Agricultural Research Service

Research Project: WATER QUALITY IMPROVEMENT FROM MANAGEMENT PRACTICES IN AGRICULTURAL WATERSHEDS Title: Runoff and phosphorus loads from two Iowa fields with and without applied manure, 2000-2011

Authors
item Tomer, Mark
item Moorman, Thomas
item Cole, Kevin
item Hatfield, Jerry

Submitted to: Soil and Water Conservation Society
Publication Type: Abstract Only
Publication Acceptance Date: May 1, 2012
Publication Date: July 25, 2012
Citation: Tomer, M.D., Moorman, T.B., Cole, K.J., Hatfield, J.L. 2012. Runoff and phosphorus loads from two Iowa fields with and without applied manure, 2000-2011 [abstract]. Soil and Water Conservation Society Conference Abstract Book. p. 22.

Technical Abstract: Understanding the dynamics of field-edge runoff water quality and responses to changes in management practices and climate through monitoring will probably require decade-duration data sets. This study compared runoff volumes and phosphorus loads from two fields in central Iowa, where the glacial landscape is dominated by the Clarion-Nicollete-Webster soil association. Both fields were in corn-soybean rotation but only one received swine manure, which was applied following soybean harvest to meet the following corn crop's N requirement. Runoff flumes (H-type) were installed along grassed waterways prior to the 2000 growing season; runoff samples were collected on a flow-interval basis and analyzed for total P. Monitoring continued through 2010, providing 11 years of data. Results are only for rainfall-runoff events because sites were remote and consistent snowmelt monitoring was not feasible. Results provided data on 119 events from the manured site, and 94 events at the non-manured site, with 74 events common to both sites.
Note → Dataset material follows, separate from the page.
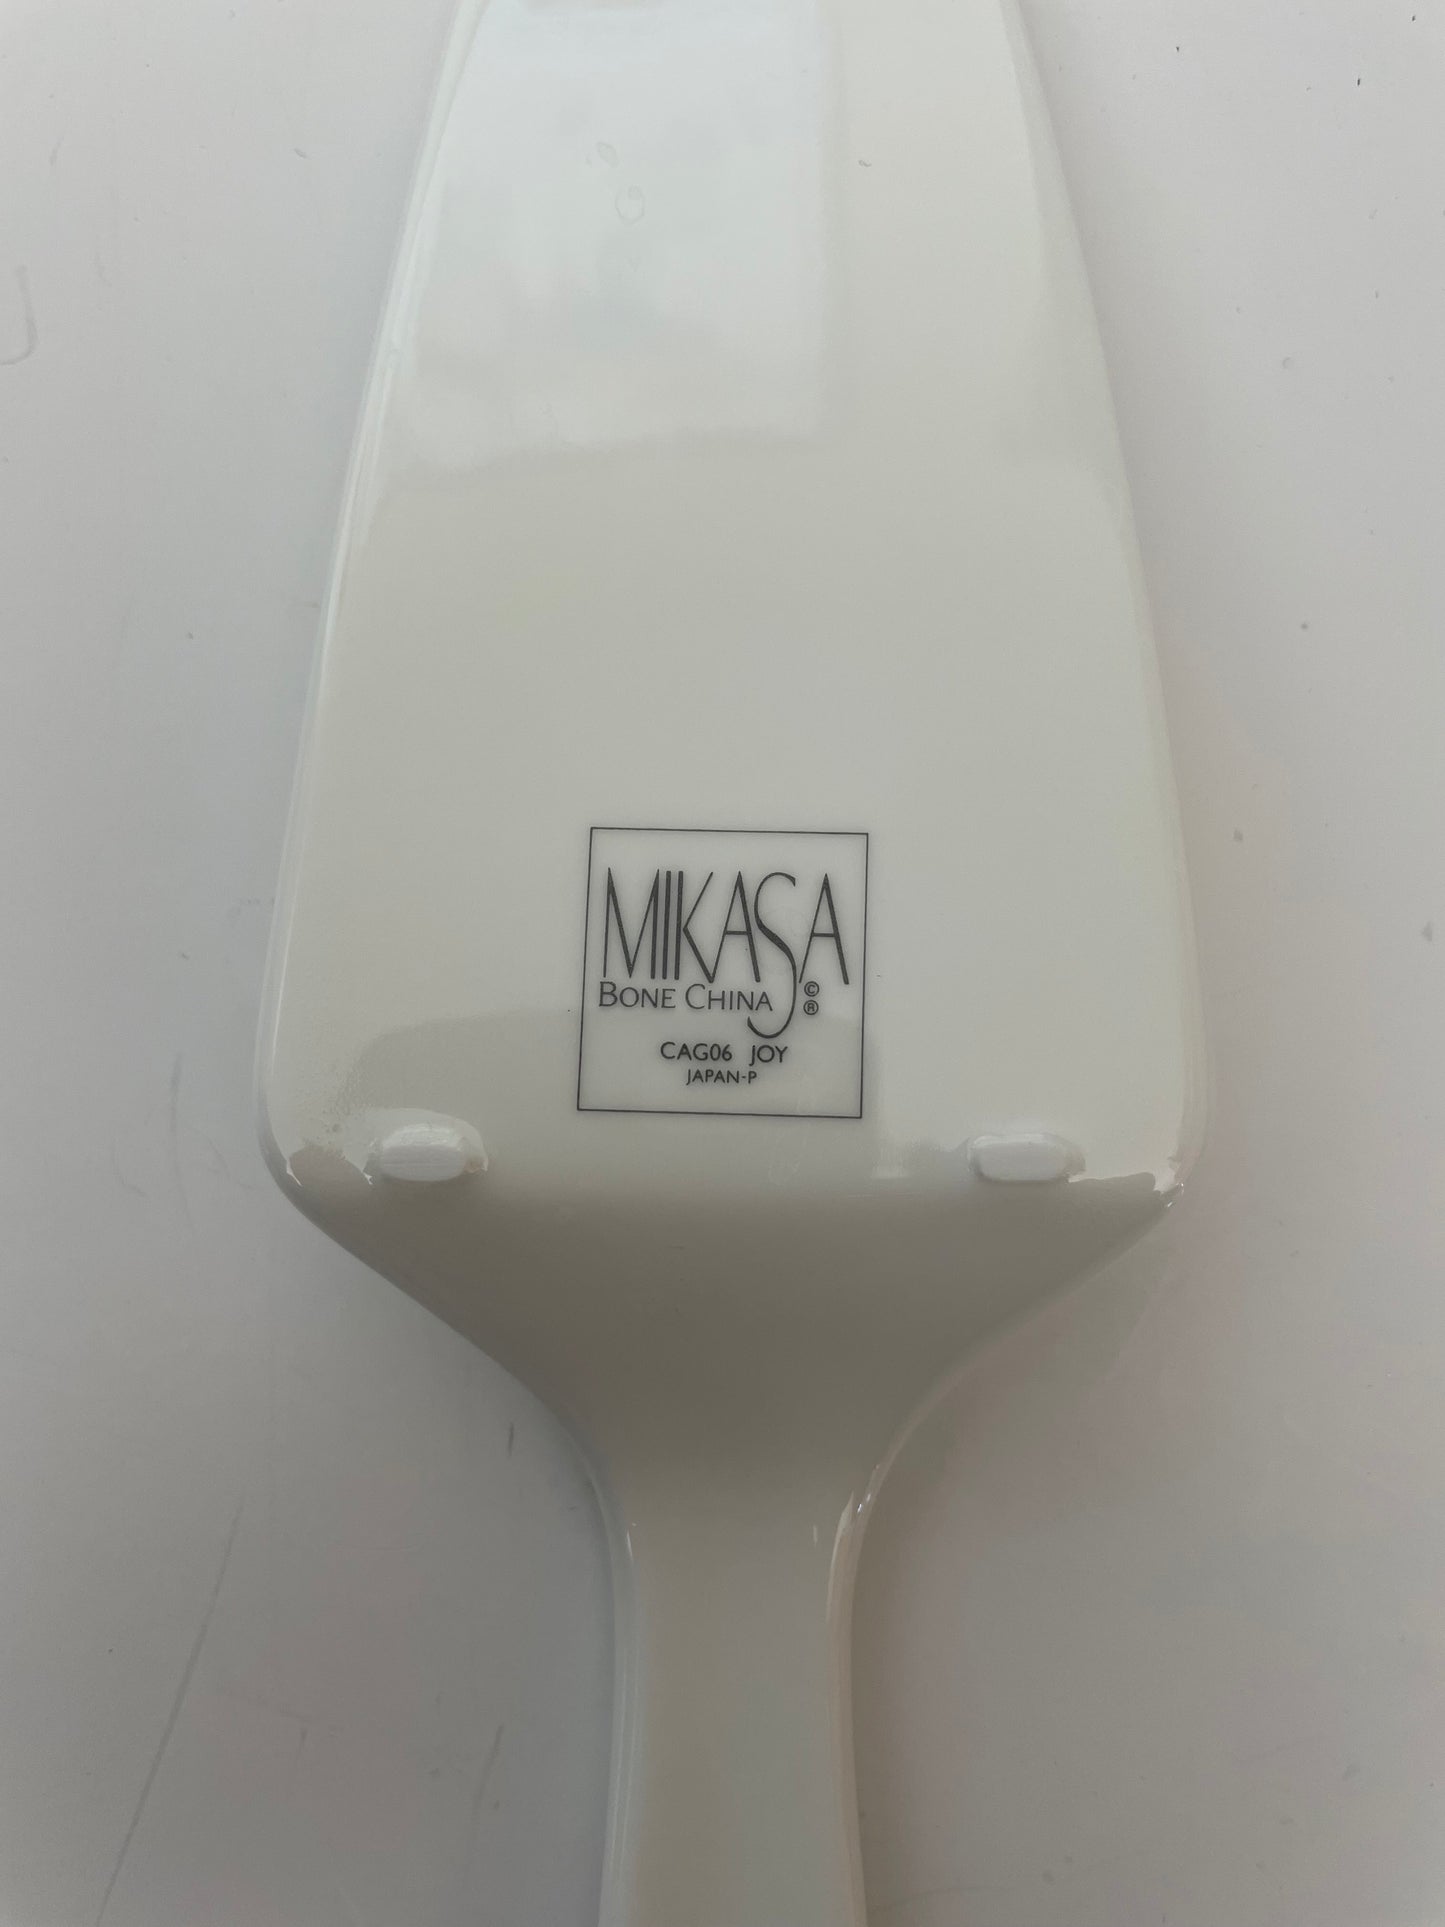 Mikasa Bone China Cake Server CAG06 Joy

Discharge through the monitoring flumes occurred on average less than 116 hours per year, but half the total discharge observed in the entire 11 years occurred during a total 48 hours of storm flow. This result emphasizes the challenge of monitoring ephemeral flows. Functions that described runoff fraction (the fraction of rainfall that was converted to runoff) as a function of storm size were virtually identical at the two sites. Average annual runoff was greater from the non-manured site (54 mm yr-1) than the manured site (37 mm yr-1), however, P loads were greater from the manured site 1.4 vs 1.1 kg P ha-1yr-1. The difference is small, especially given soils in the non-manured field approached P-deficiency by 2010 after years of maintenance rates of P-fertilizer. Interestingly, 40-56% of the runoff volume and 54-62% of the total P load during 2000-2010 resulted from runoff generated by 30-60 mm of precipitation. A total of 20-30% of the observed runoff and 12-16% of the total P load in both fields were generated from ten events that exceeded 60 mm rainfall. This result confirms that conservation systems designed to control runoff from 60 mm rainfall events on similar Midwest soils, which had about a one year return period during the study, could provide soil and water conservation to help mitigate a trend of increasing rainfall in the Midwest.